Pour chaque question et item, nous avons calculé les moyennes et écarts-types des scores entre 1 et 5. Pour les items, composés de plusieurs questions, nous avons calculé le coefficient α de Cronbach, pour vérifier la cohérence interne des items. Celle-ci avait été établie par les créateurs du questionnaire, mais notre adaptation du test pouvait la remettre en cause. Les données des réponses ouvertes n’ont pas été traitées statistiquement, mais elles ont servi lors de l'interprétation des résultats.

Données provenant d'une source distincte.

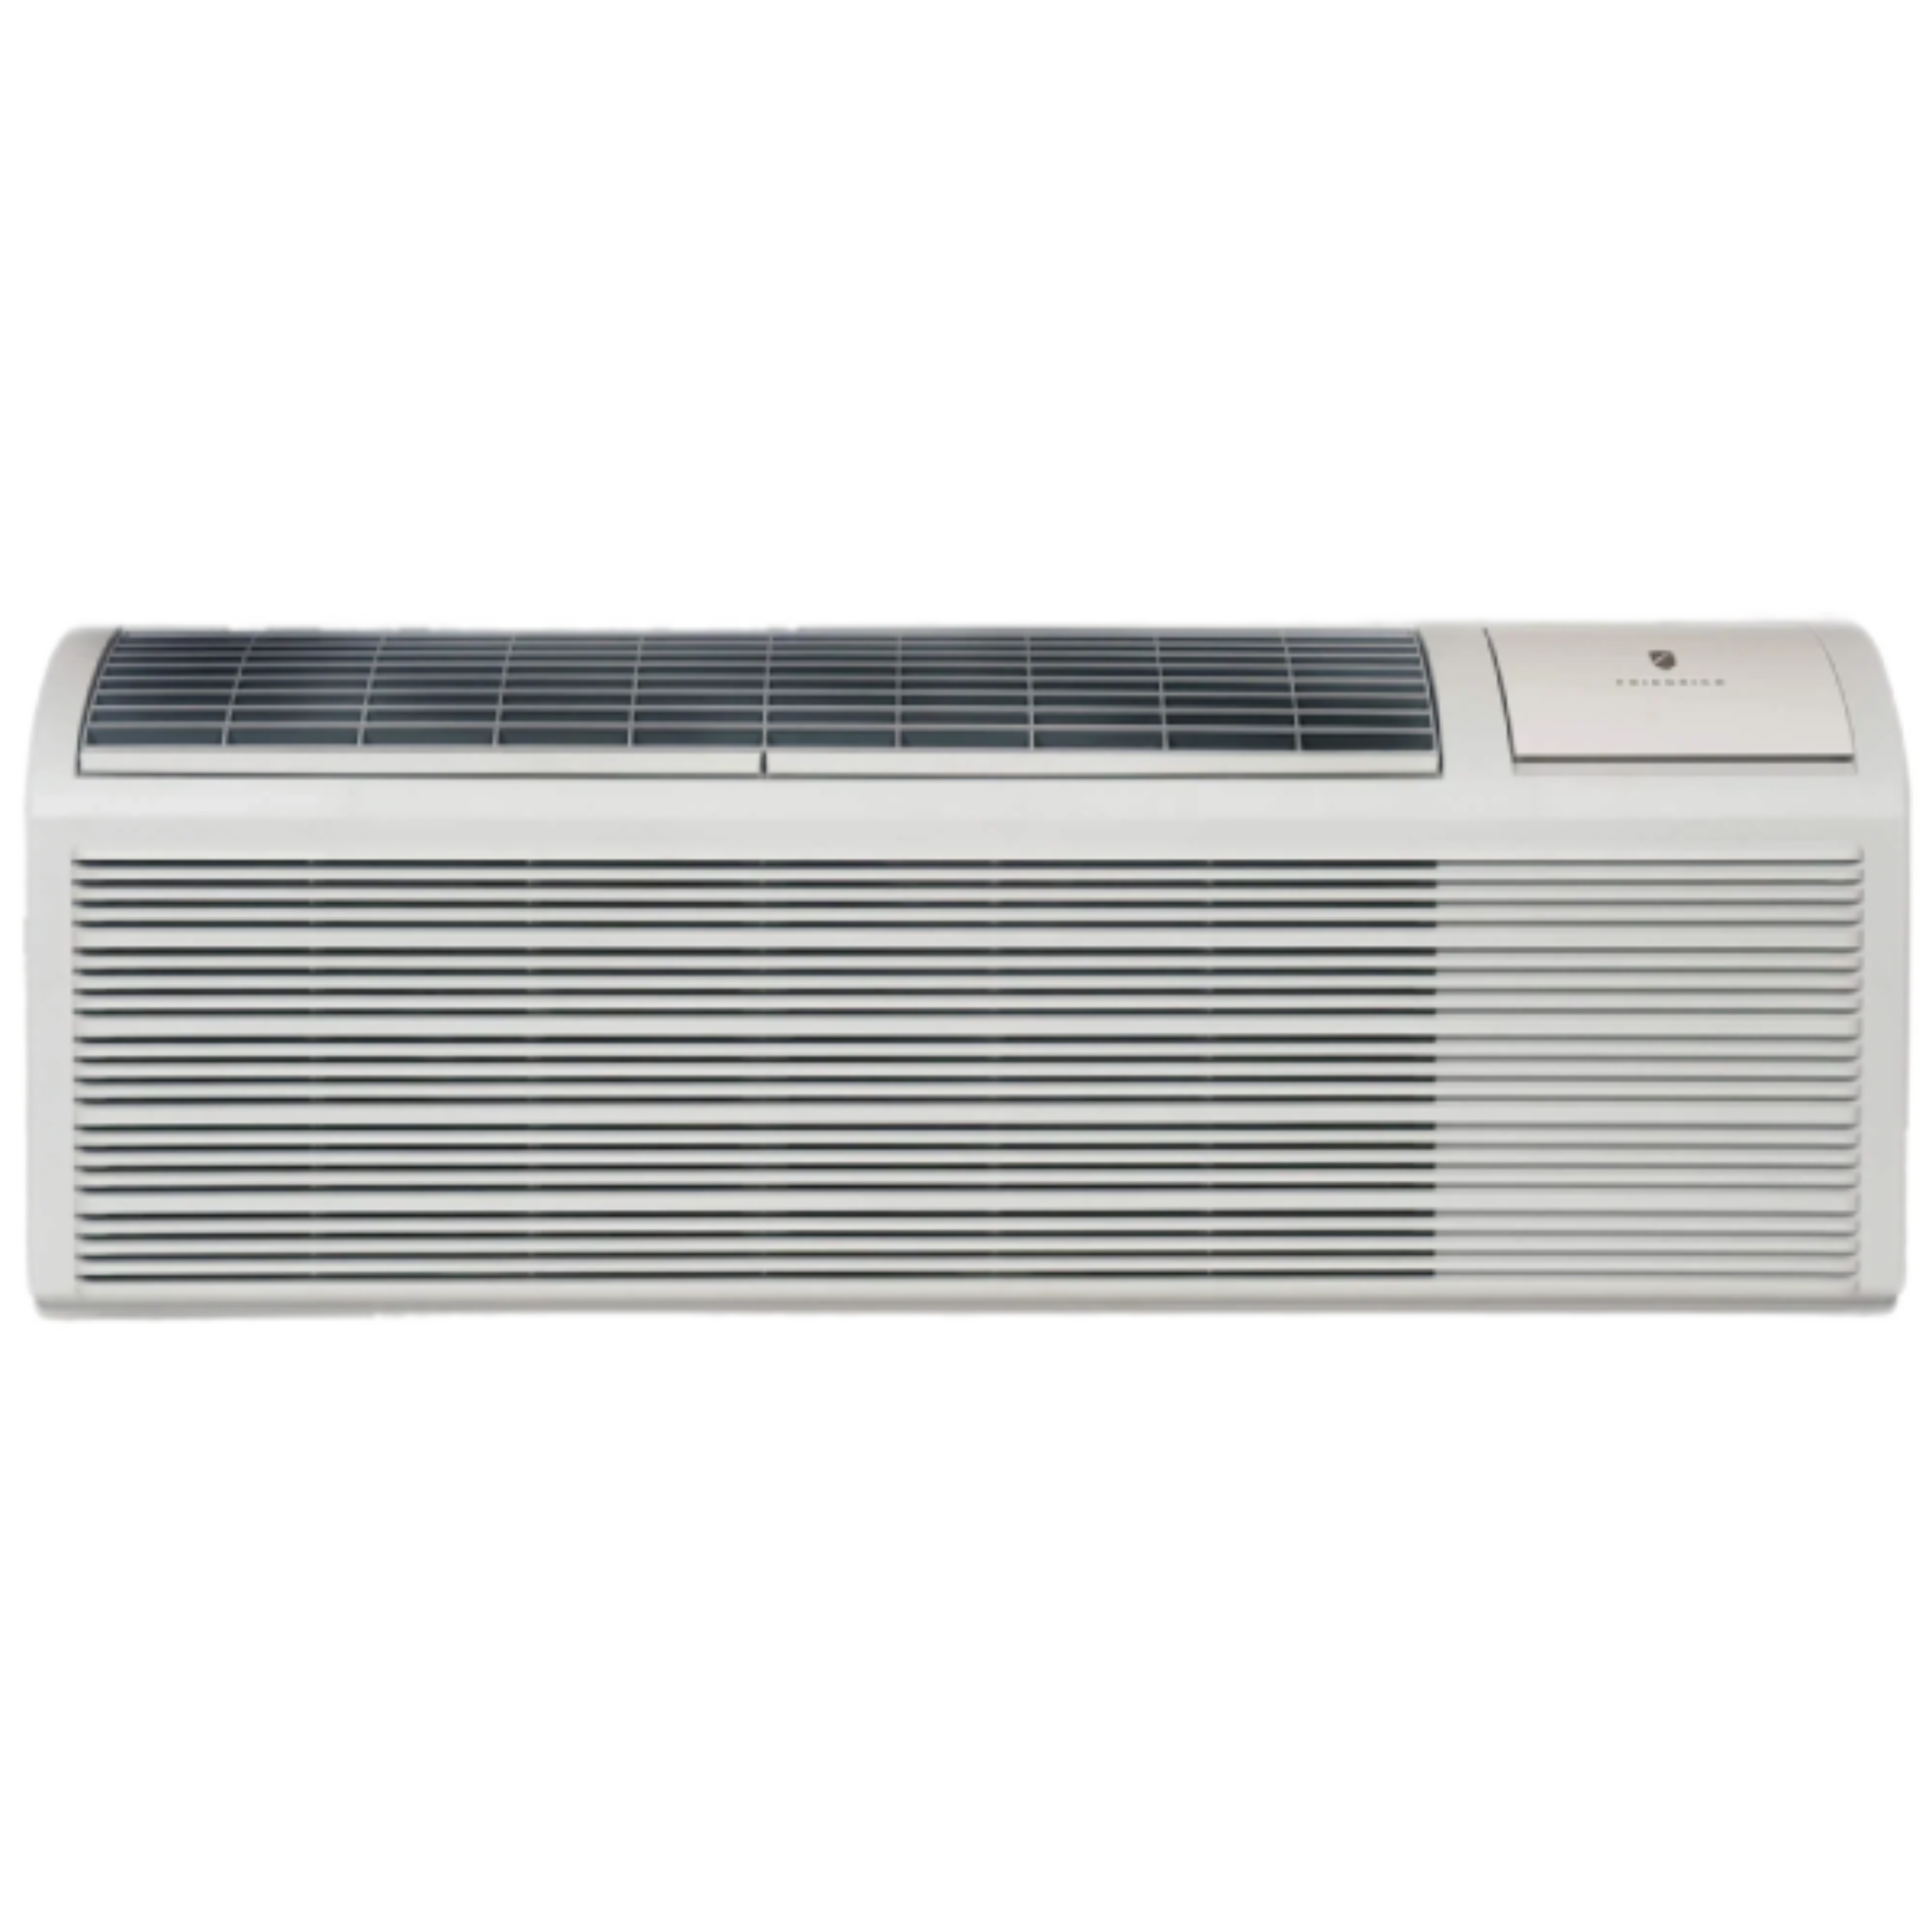 Friedrich ZoneAire Premier Packaged Terminal Air Conditioner with Electric Heat Model PDE09R3SG, 12.1 EER, 265 V, 355 CFM, 9400 BTU
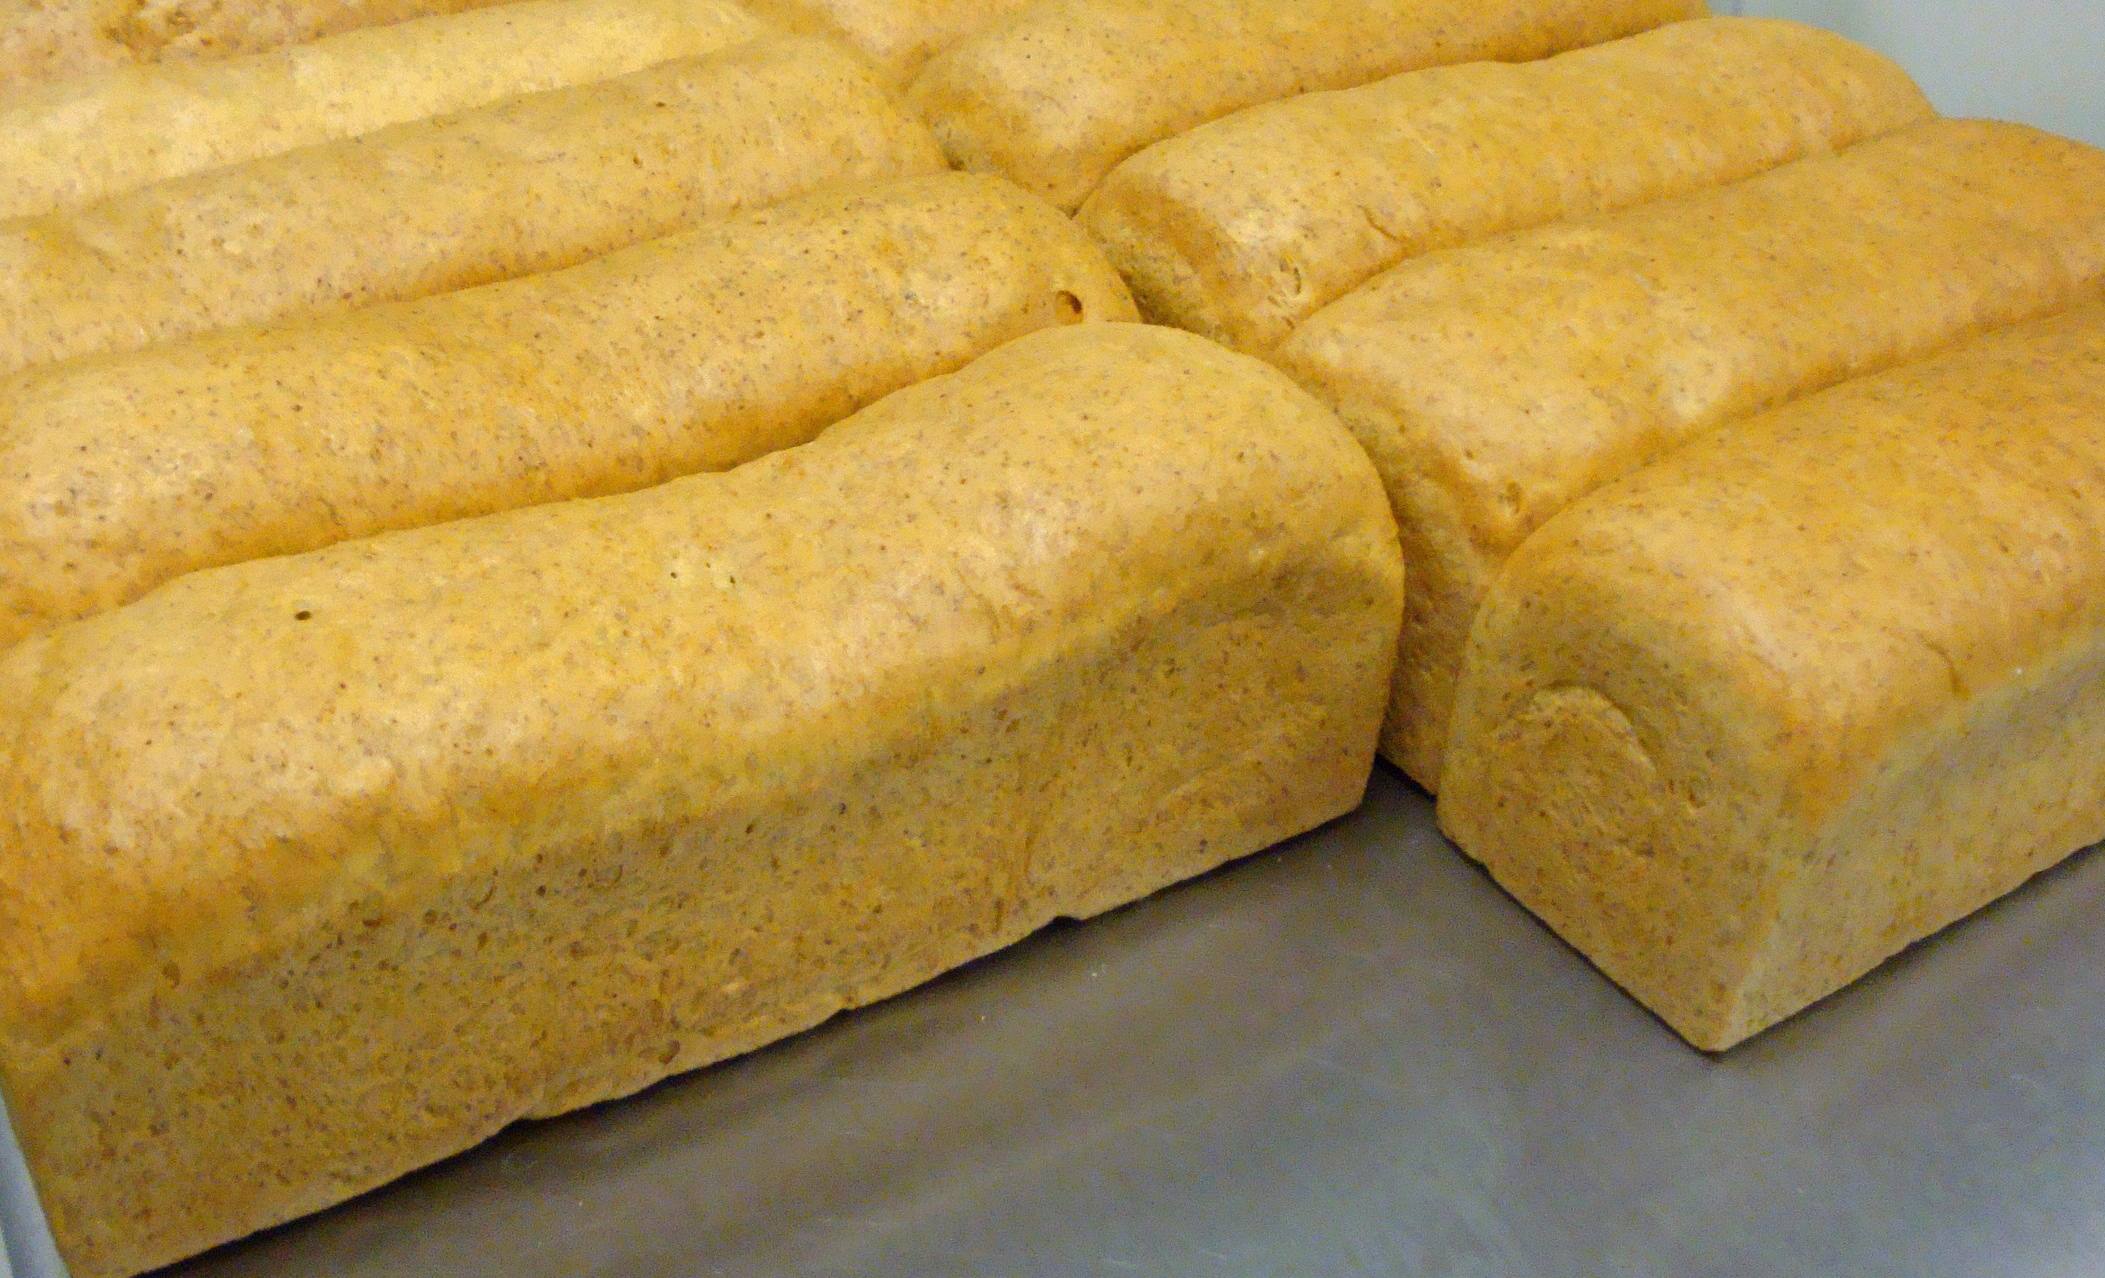 Thumbnail for Fresh Baked, Low Carb White & Multigrain Bread-Available Now!

En complément à ces analyses, le système a enregistré des traces pour chaque session de jeu, et calculé 4 indicateurs à partir de ces traces :

- le nombre de choix proposés à l’utilisateur, en moyenne pour toute la session ;

- le nombre total d’actions dans la session (actions du joueur et des personnages non joueurs) ;

- le nombre d’actions du joueur dans la session ;

- la durée de jeu.

5.2. Résultats

5.2.1. Questionnaires psychologiques

Pour chacun des deux questionnaires psychologiques destinés à l’utilisateur (CERQ et SDQ), des échelles ont été construites pour caractériser l’adolescent selon un certain nombre de critères (respectivement 9 et 5). De plus, des échelles plus larges ont été construites concernant :

- gestion pro-sociale (prosocial coping) – 10 items du CERQ,

- gestion dysfonctionnelle (dysfunctional coping) – 15 items du CERQ,

- maîtrise positive des émotions (positive emotion regulation) – 20 items du SDQ,

- maîtrise négative des émotions (negative emotion regulation).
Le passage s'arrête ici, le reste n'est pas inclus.